:: LISTED RECORDS ::
>>>

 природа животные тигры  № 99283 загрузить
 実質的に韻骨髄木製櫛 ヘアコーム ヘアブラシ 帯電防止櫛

<<<
>>>

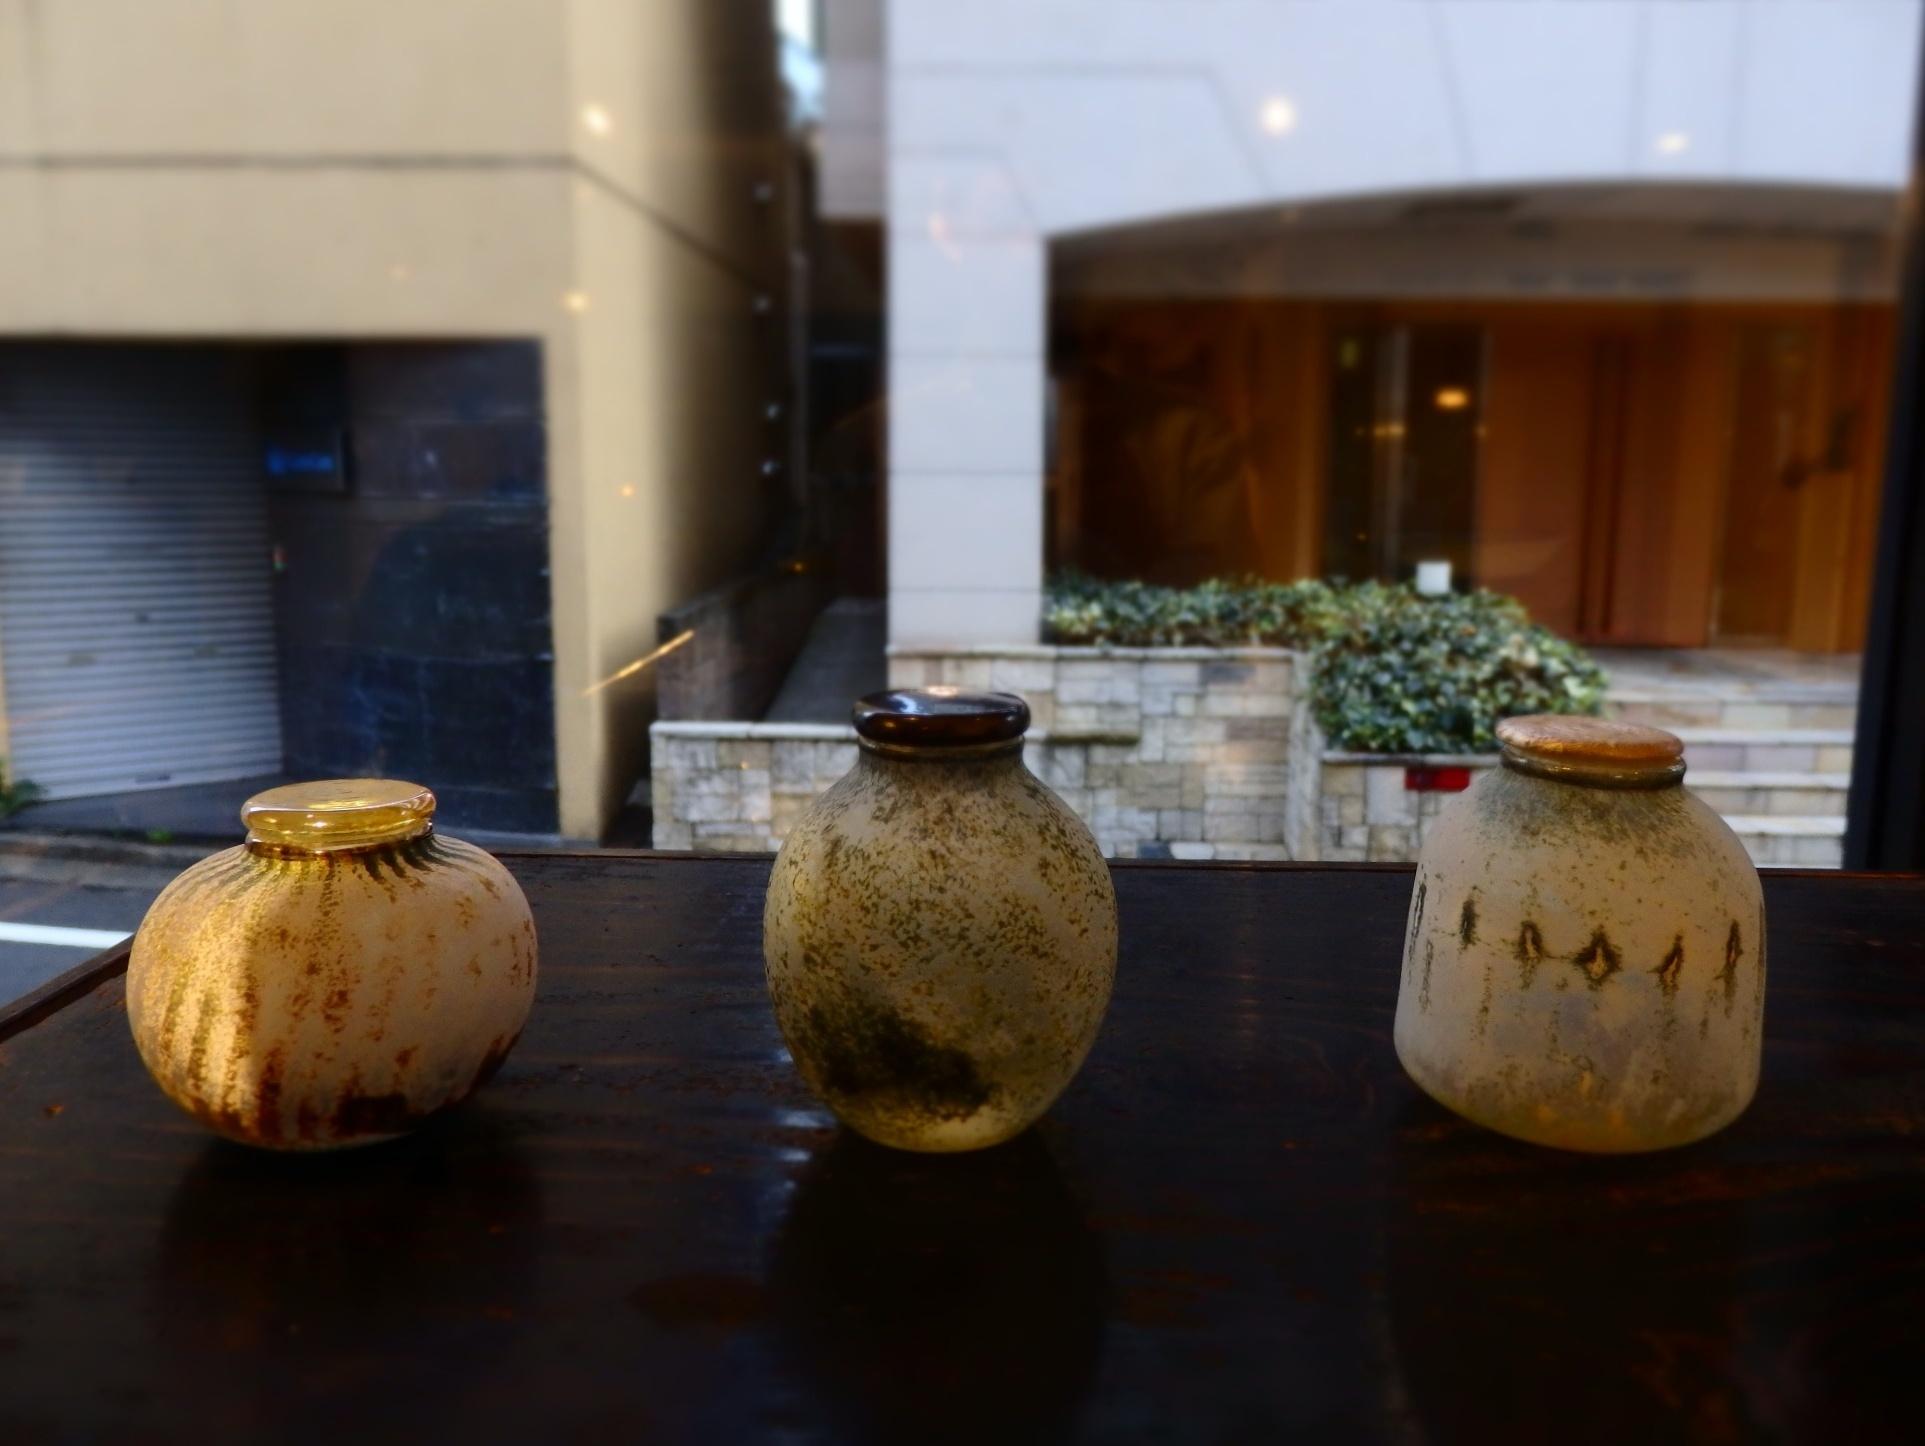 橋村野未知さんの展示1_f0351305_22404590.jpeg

<<<
>>>

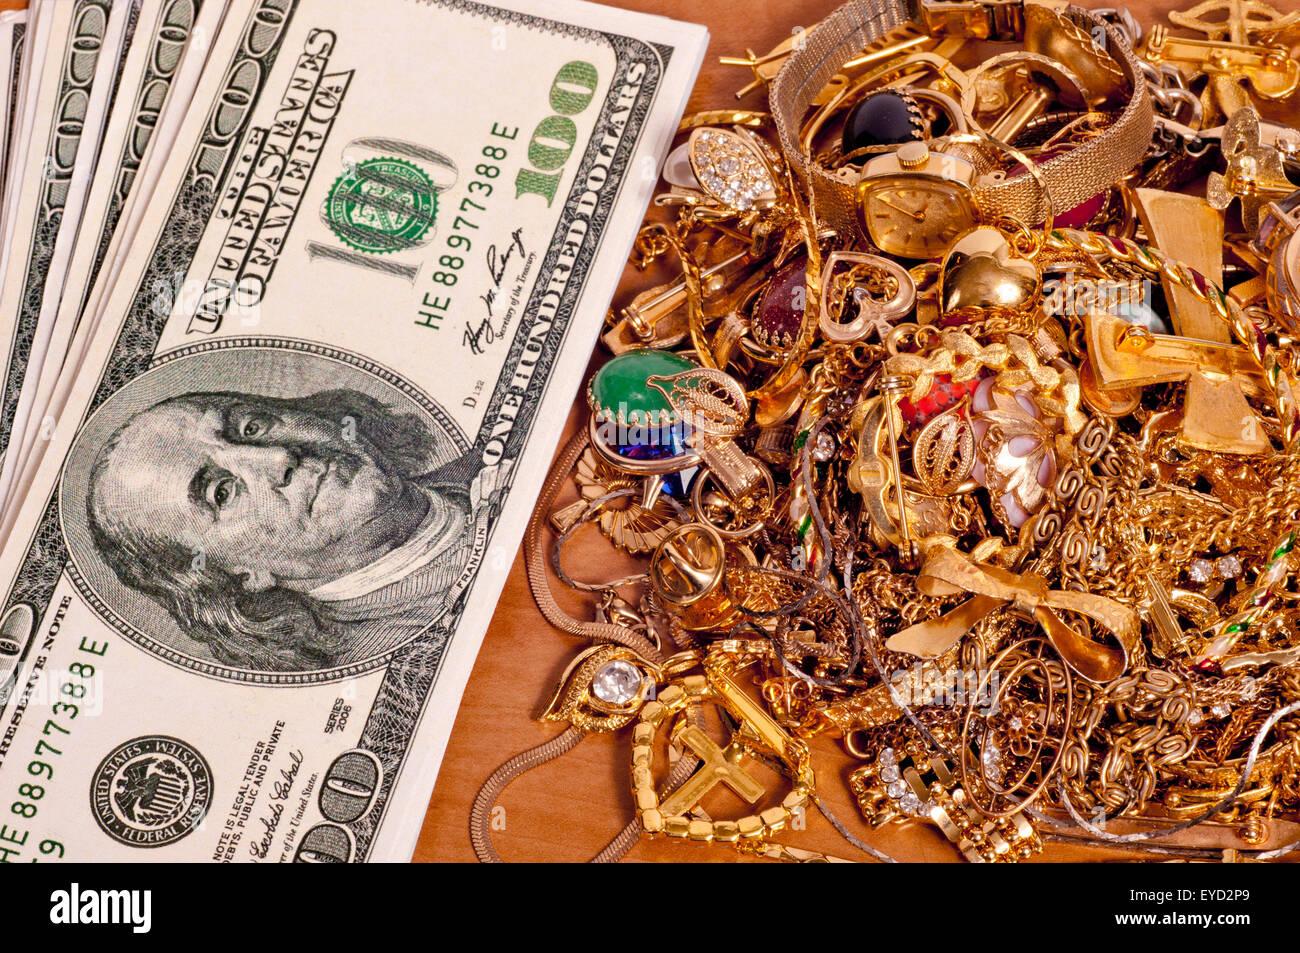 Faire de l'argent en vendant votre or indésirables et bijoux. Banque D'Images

<<<

:: REQUIRED ACTION ::
Reproduce exactly the stretch of the material above that starts at the line with "природа животные тигры" and ends at the line with "実質的に韻骨髄木製櫛 ヘアコーム ヘアブラシ 帯電防止櫛", both included, and nothing else.

:: ANSWER SECTION ::
 природа животные тигры  № 99283 загрузить
 実質的に韻骨髄木製櫛 ヘアコーム ヘアブラシ 帯電防止櫛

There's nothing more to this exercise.